Пришел сентябрь с дождями, размытыми дорогами. Практика у Никиты кончалась. Он и Дуся последнее время почти не расставались: ходили, держась за руки, и то она у него пропадала в мастерской, то он приходил к ней и они прятались от дождя под навесом сарая на бревнах.
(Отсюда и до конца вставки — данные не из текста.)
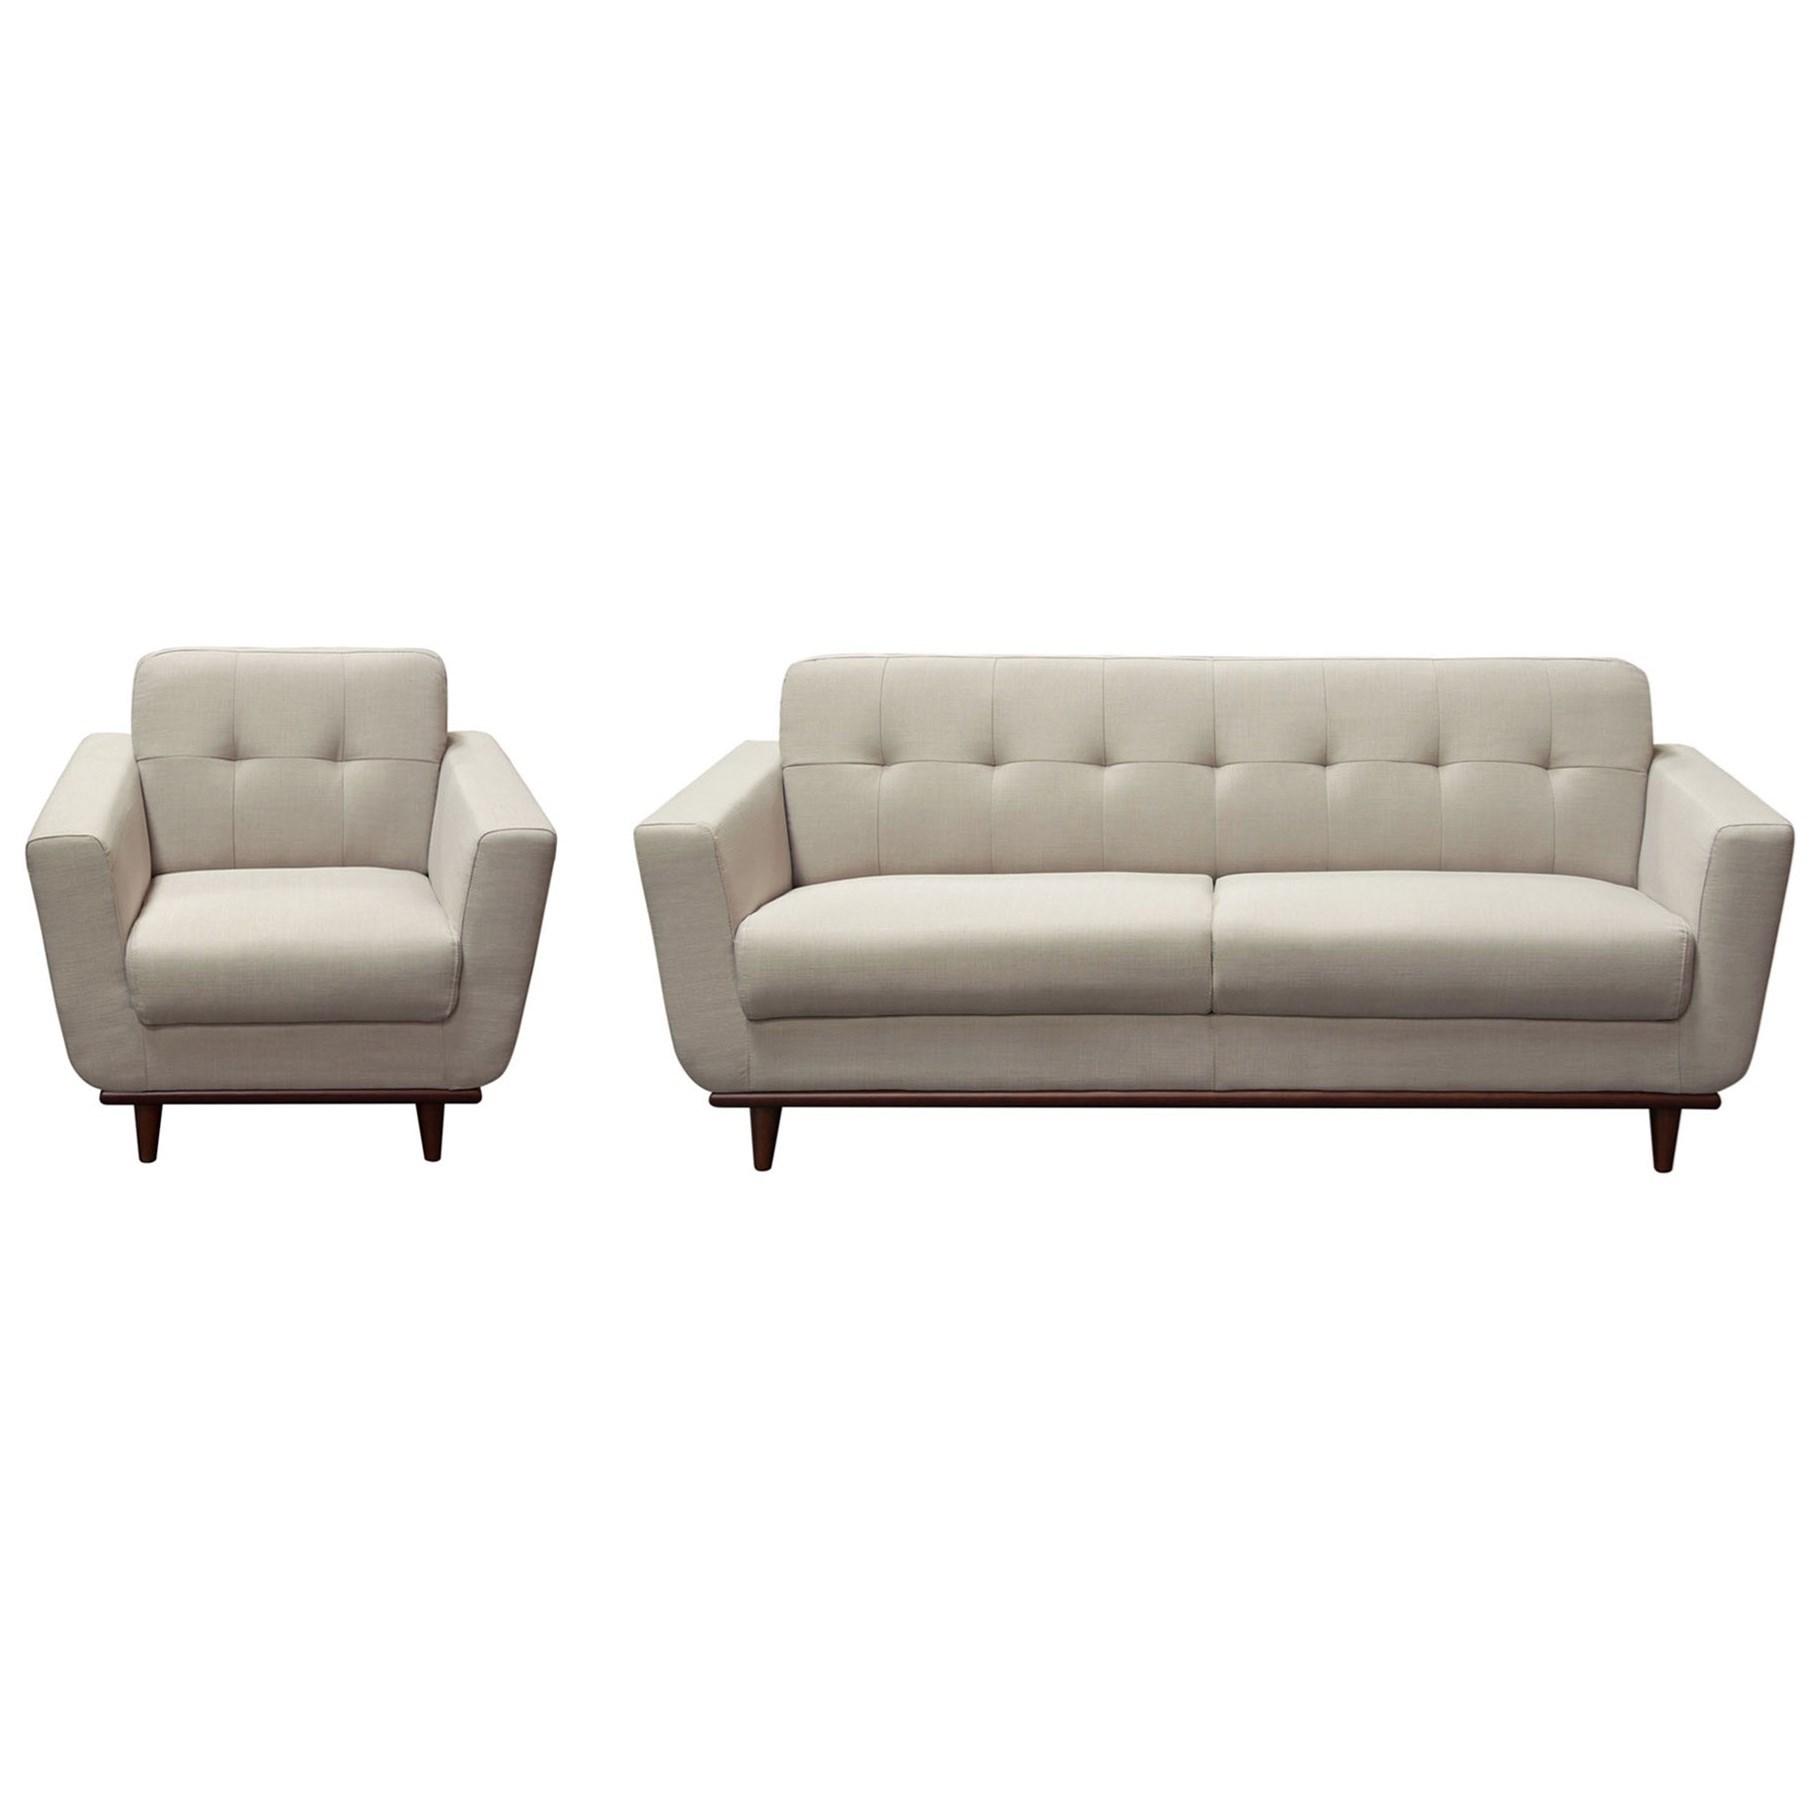 Diamond Sofa Coco Mid Century Modern Sofa and Chair Set with

Уезжал он домой, в Москву, в конце сентября. Накануне они простились, потому что машина районного инспектора, на которой ехал на станцию Никита, уходила очень рано.
И все-таки, когда Дуся, не спавшая всю ночь, выглянула в окно, она увидела в конце улицы ожидавшего машину Никиту с рюкзаком на спине.
Дуся кое-как оделась, сунула босые ноги в туфли и побежала к правлению. Но не добежала и половины пути, как увидела, что газик инспектора, разбрызгивая грязь, выезжает из села.
Что теперь будет? Что же будет? Дуся знала, что Никита любит ее, но так же точно она теперь знала, что теряет его навсегда. Пройдет месяц-другой, он потоскует, потом занятия, товарищи, все приманки городской жизни отвлекут его, и он забудет ее. Далекими покажутся ему и Дуся, и село, и все, что было. А она? Разве сможет забыть его? И что остается ей здесь? Работа, девчата да… Алешка. Дуся вздрогнула. А может, и она… как мать Алешки… потому что… а вдруг она…
Дуся бросилась к дому. Столкнула со шкафа чемодан, сорвала с вешалок без выбора пару платьев, выскочила на крыльцо и тут же вернулась, рванула ящик комода — достать деньги.
Она вышла за околицу и стала ждать машину. Но прошла целая вечность, а ни одной машины так и не было.
Тогда она двинулась к правлению, уже не заботясь, что ее увидят. Но и на площади перед правлением было пусто.
— Здравствуй, Дуся.
Дуся резко повернулась и увидела Алешку.
— Который час?
— Седьмой.
— Седьмой?! — закричала Дуся. — Да что же это такое? Куда все машины подевались?